Question今後のイラクの国づくりは、
どのように進む見通しですか?

Answer6月末に暫定政権に主権が移譲され、形式的にはCPAによる占領統治は終了(CPAは消滅)します。その後7月中に、国連が主導して広くイラク人の声を吸い上げる「国民会議」を開催し、「諮問評議会」を設置。2005年1月31日までに国民議会選挙を実施。ここで成立した「移行政権」が新しいイラク憲法を起草。2005年12月31日までに、新憲法に基づくイラク政府を発足させるというのが、いま想定されているスケジュールです。

 国連の安全保障理事会は6月8日、「連邦制に基づく、民主的かつ複数政党制を取る統一イラクの構築に向けて取り組む、イラク暫定政権の決意を歓迎する」とするイラクに関する新決議1546を全会一致で承認し、右の政治日程も確認しました。9日には主要8か国(G8)首脳会議(シーアイランド・サミット)に暫定政権のヤワル大統領が登場し、「国際デビュー」を果たしました。つまり、国際社会が一致して暫定政権を承認したわけです。

 もっとも、今後の展開は予断を許しません。アメリカは「イラクでのテロは増える」「多くの試練があるだろう」(6月1日ブッシュ大統領会見)との厳しい見方を示しています。イラクの治安を維持するために米英軍(有志連合から多国籍軍と位置づけは変わりましたが、相変わらず仏独ロは不参加)が駐留を続けることも変化なし。イラク暫定政権に主権が「完全に」移譲されれば、多国籍軍はイラク国内で勝手なことはできないはずですが、アメリカはいざというときは独自に行動する意向をほのめかしています。

 選挙をするにはイラク全土で選挙人登録が必要で、早い話が全国民の数を数え直し名簿を作らなければなりませんが、半年やそこらで間に合うかどうかも大きな懸念材料です。イラクは、ただでさえさまざまな宗派や民族・部族が入り乱れた複雑な社会。そこにフセイン政権が数十万人単位で虐殺し、米英軍が大規模作戦を行い、テロリストが潜入して、憎悪の感情がひしめいていますから、混乱は長く続くでしょう。

民主化が狙いだが

Questionアメリカのイラクに対する狙いは、結局
何なのでしょうか?

Answerブッシュ大統領は、今回のサミットで「拡大中東地域」の自由・民主主義、繁栄の強化への支援を主張し、政治宣言にも盛り込みました。拡大中東地域とは、パキスタンから北アフリカまでイスラム・アラブ諸国が東西に連なるベルト地帯。アメリカがこの地域(イラクはその真ん中にあります)を親米化したいという構想は、以前から知られていました。

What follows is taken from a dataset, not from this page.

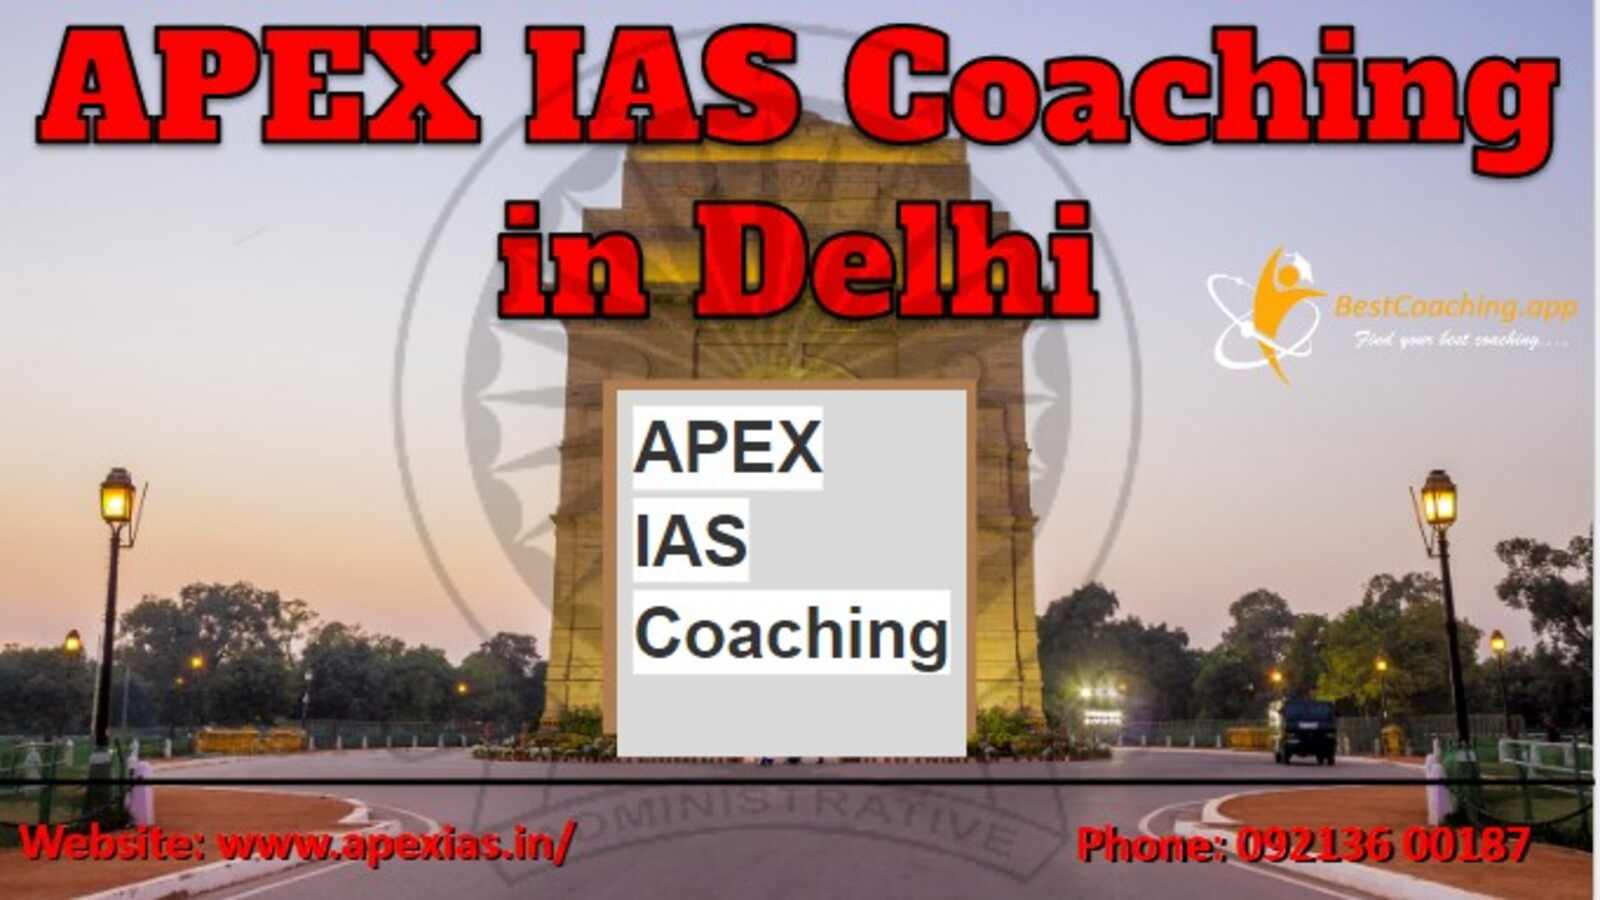 APEX IAS Coaching in Delhi

 とりわけ2001年「9・11」以降ブッシュ政権で勢いをもったネオコン(ネオ・コンサーバティブ=新保守派)と呼ばれる一派には、民主主義を「伝道」するような意識があり、イラクを手始めに中東地域に「民主主義のドミノ」を引き起こすという考え方がありました。だから、イラク戦争の狙いはフセイン政権を倒して民主的な国を作ること。背景には、イスラム世界に対する漠然とした怖れの感情もあったでしょう。

 けれども、サウジアラビアは「サウード家のアラビア」という名前の王国ですし、UAEもアラブ「首長国」連邦。こういう国々で民主化をとことん進めれば王政は倒れ、国は混乱してしまいます。それはおせっかいというものでしょう。イラク戦争は「出口」が見えないままに始めた戦争で、占領政策の見通しが甘すぎたことも否定できません。アメリカは、これまでの強引なやり方を軌道修正すべきであると思います。